My trial ends soonish and my speciality is fixin lusers computers
"it said i had a virus and i need to click on this to de-infect... was i not meant to do that "
anon Well common im wanting Computer armageddon
you dont make freinds that way !!
The Internet can be accessed from pretty much anywhere right?
The internet is the WORLD's primary medium of long distance communication.
Cornflicker has massive potential to cause a disruption of the worlds communication systems.
An attack on a planets communication systems can only mean one thing.........
INVASION!
If the registrars weren't all so goddamn lazy they'd pool a list of who owns those domains, then on April 1st it's just a matter of issuing 50,000 queries and finding which site has the payload. You've got to pay to register a domain?
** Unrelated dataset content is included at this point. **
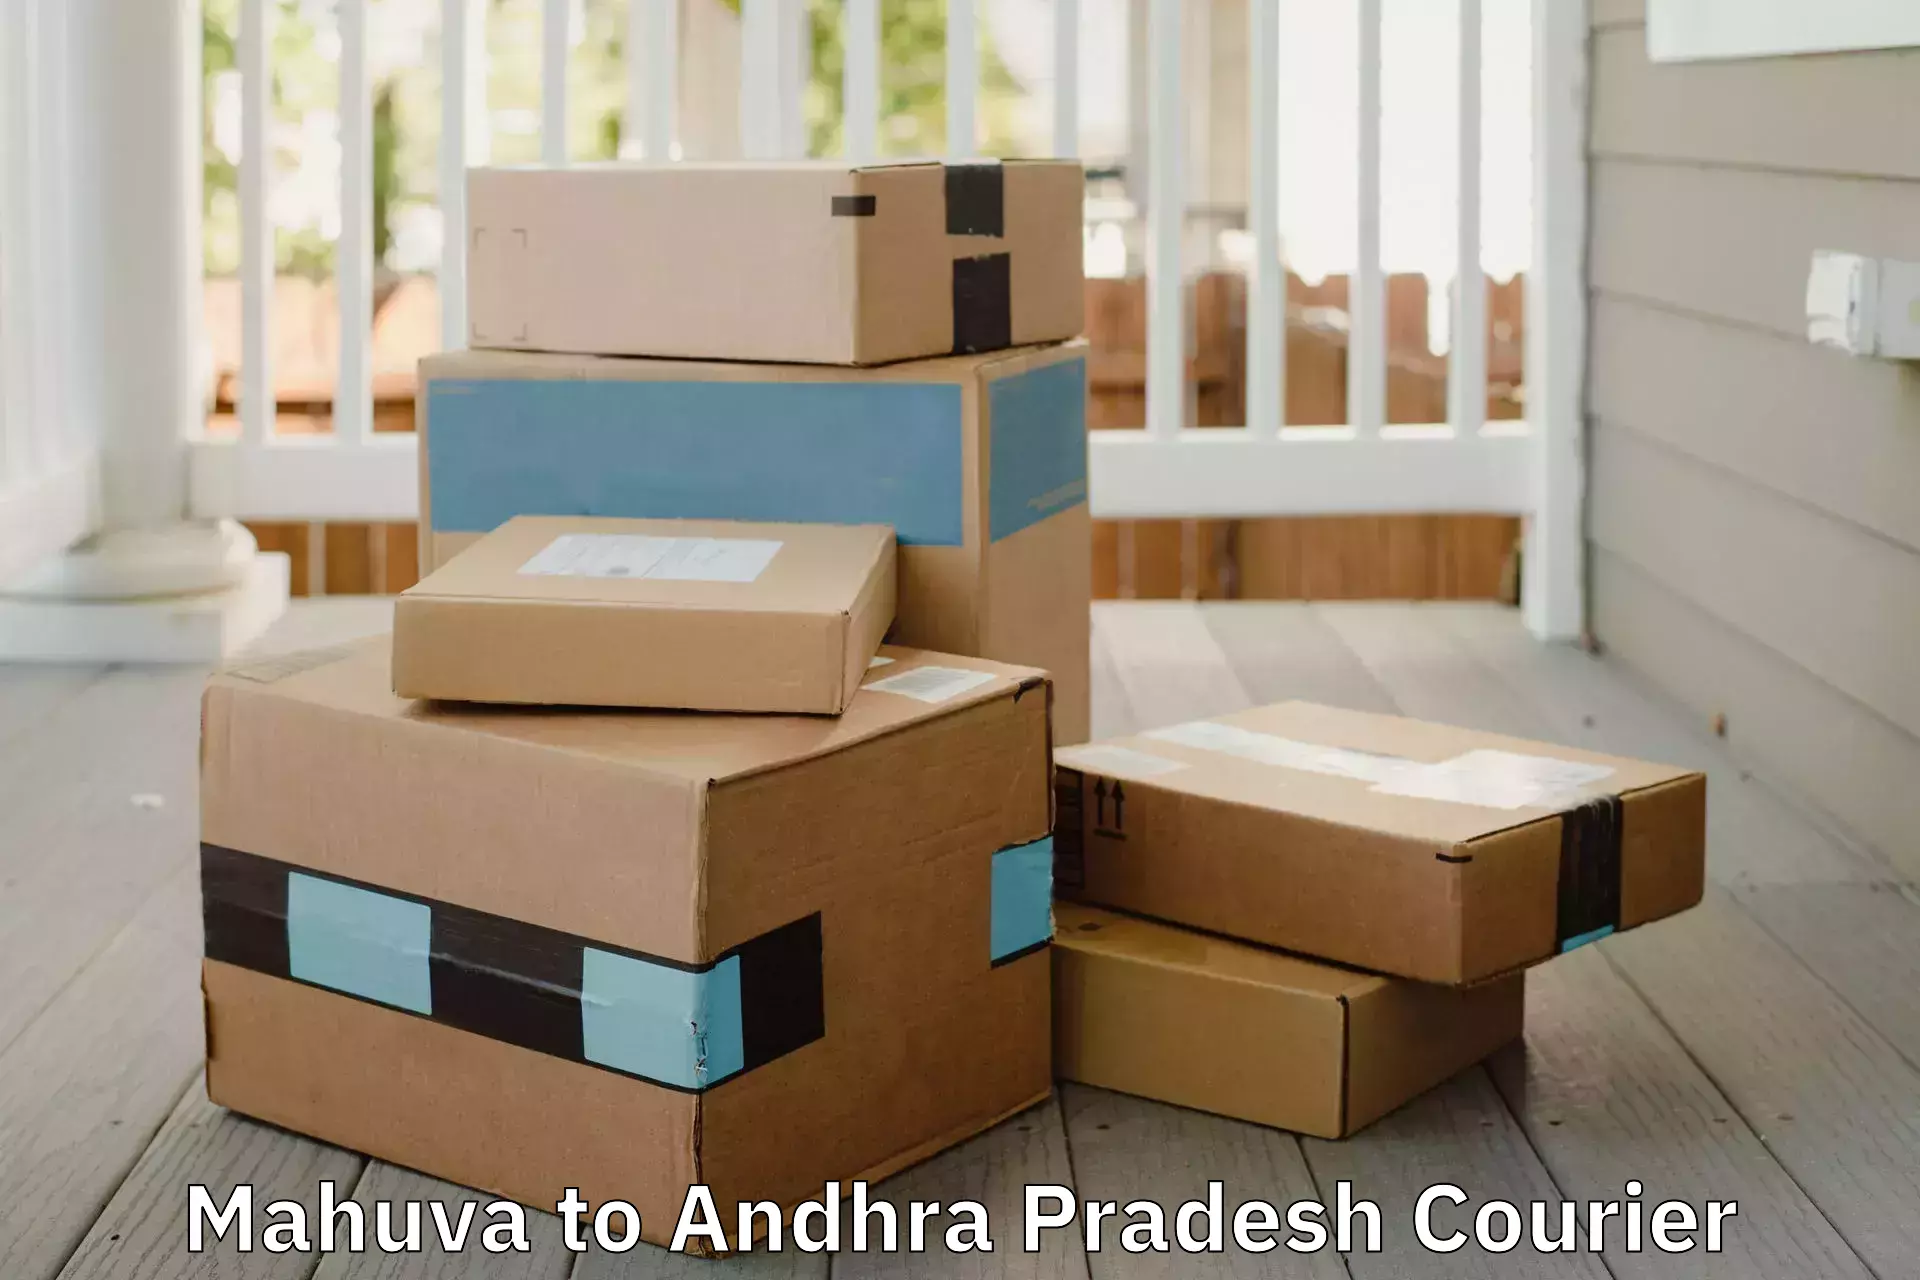 Household logistics services in Mahuva to Velgodu

Then follow the money.
And please don't tell me they're still offering those "free 1 week trial of your domain" teasers - if they are then they're just as culpable here as the morons who aren't running virus checking on their PCs.
"(did anything important actually screw up because it was programmed with a two digit year instead of a 4 digit year?)"
Yep it screwed up, but not on a two digit date - my local video library system went beserk about the video that I'd had over the new year break, for minus ten years.
Turns out that the year was always nineteen-ninety-something - so they had a 1 digit year and it went back to 1990
The problem with all this crying wolf is when something really nasty *does* hit (a virus reaches the point where it can't be stopped and it will do a lot of damage, guaranteed) nobody is going to be listening any more.
I much prefer f-secure's take on the matter:
http://www.f-secure.com/weblog/archives/00001636.html
Teh conficker is coming teh conficker is coming!!!!!1111!!11111!!!!!oneeleven!!111.
Really, seriously people turn down the fucking hype machine and take a deep breath please. Like I said before watch your systems, patch/disinfect/harden as necessary and get on with business. But the constant proclamations of doom at the hands of conficker is really getting out of hand and potentially distracting people from doing what they can to protect their systems. It really is getting a bit like the boy who cried wolf since it seems every time someone discovers so much as a misplaced period in the code of conficker, then that discovery some how deserves a press release touting how the world is going to come to an end at the hands of this worm (this is particularly true of the twits at Sophos).
I wouldn't be surprised next to find a news story saying that conficker will cause you to become sterile, blind, and grow a third arm while simultaneously killing your dog and causing your mom to mate with the nearest gold fish.